Later that evening, I met back up with my 3 friends from the train. We headed to dinner, internet, and then back to the hotels. 

On the way back to the hotel, 3 of us (one headed in the other direction) were staring up at a street light that stays on at the burning ghat.  We were noticing the swarm of bugs surrounding it.  It was probably a good 50 ft. above our heads or so, and we were fascinated by the amount of bugs attracted to it.  Just in that moment, as we were all staring at the light above, directly beneath it, the electricity in the city was cut off, and all of the bugs that were around the light dropped to the ground, completely engulfing us in giant insects.  Myself and the other girl shrieked as we were jumping up and down, with no where to run, covered in grasshoppers and roaches, shaking out our hair and pants and tee shirts, as they continued to land on us.  I ran up the nearby steps that led to my hotel, in the pitch darkness as all lights were off, tripping and falling several times as I was also trying to get the bugs off of me.  Down below, my 2 friends were stuck, unable to open their eyes, still trying to fight off the swarm.  Eventually they found the staircase as well and ran up it.  We got to the hotel door, which was locked, as the curfew was 11pm and we were now 15 min. late.  Still trying to get the bugs out of our hair, we banged on the door and eventually it opened.
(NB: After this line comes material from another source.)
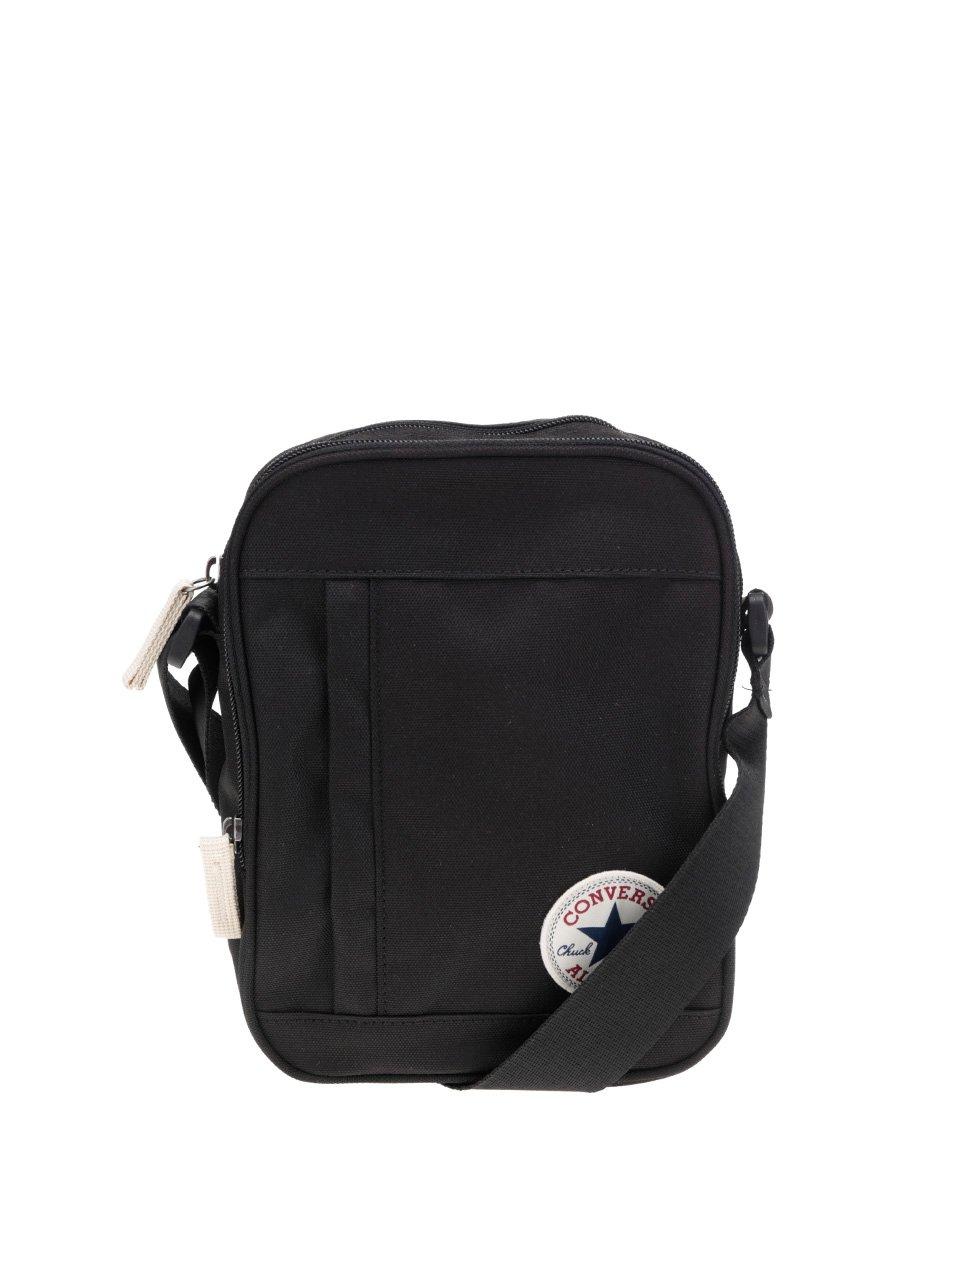 Černá crossbody taška s logem Converse

Once we got inside and peered in a mirror, we began picking the bugs off of us and out of each others hair, laughing about the experience.  It was biblical in nature, like the plague of locusts suddenly fell to earth!
Once in my room, I was still fighting off the grasshoppers (which average an inch in length here), having to kill them before I could safely go to sleep.  I left the carnage behind for the 2 chameleons that were occupying my room, and sure enough, by morning, they had cleaned house and had a feast on my killings.
I scrubbed myself in the cold shower before being able to fall asleep.
The next morning, I met up with the others again.  We all headed to the train station to make further travel arrangements, and I bought my plane ticket to Kathmandu for the next day.  My other option was a 24 hour bus/train combo across the border of india, but I certainly decided that I had had enough of those.
The last thing I wanted to experience in Varanassi was the sunset ceremony at the main ghat. [PHOTO_ID_L=dscf4399.jpg]   I watched as I once again saw the same rituals performed that I had previously witnessed in Haridwar and Rishikesh, then headed off to sleep.
My last day in India began the following morning.  I was so anxious to leave, and was sooo hot in my unairconditioned hotel room, that the thought of an airconditioned airport sounded heavenly.  I was up at the crack of dawn, being unable to sleep due to the heat, and decided to get packing and head out.  I hired a rigshaw for the hour ride to the airport. My flight was scheduled to depart around noon...I arrived around 8:30am.  To my dismay,  the airport was closed!  They wouldn't let me in until one hour before the flight! So after all my efforts to get there early, I was stuck outside in the heat anyhow until around 10am, when the doors finally opened.
I had breakfast in the tiny airports cafeteria, endured a VERY long security check and boarding process (which I must say is way more reassuring and safety consciencious than those in america), and by 12:30, I was watching India get further and further away from my window on the plane.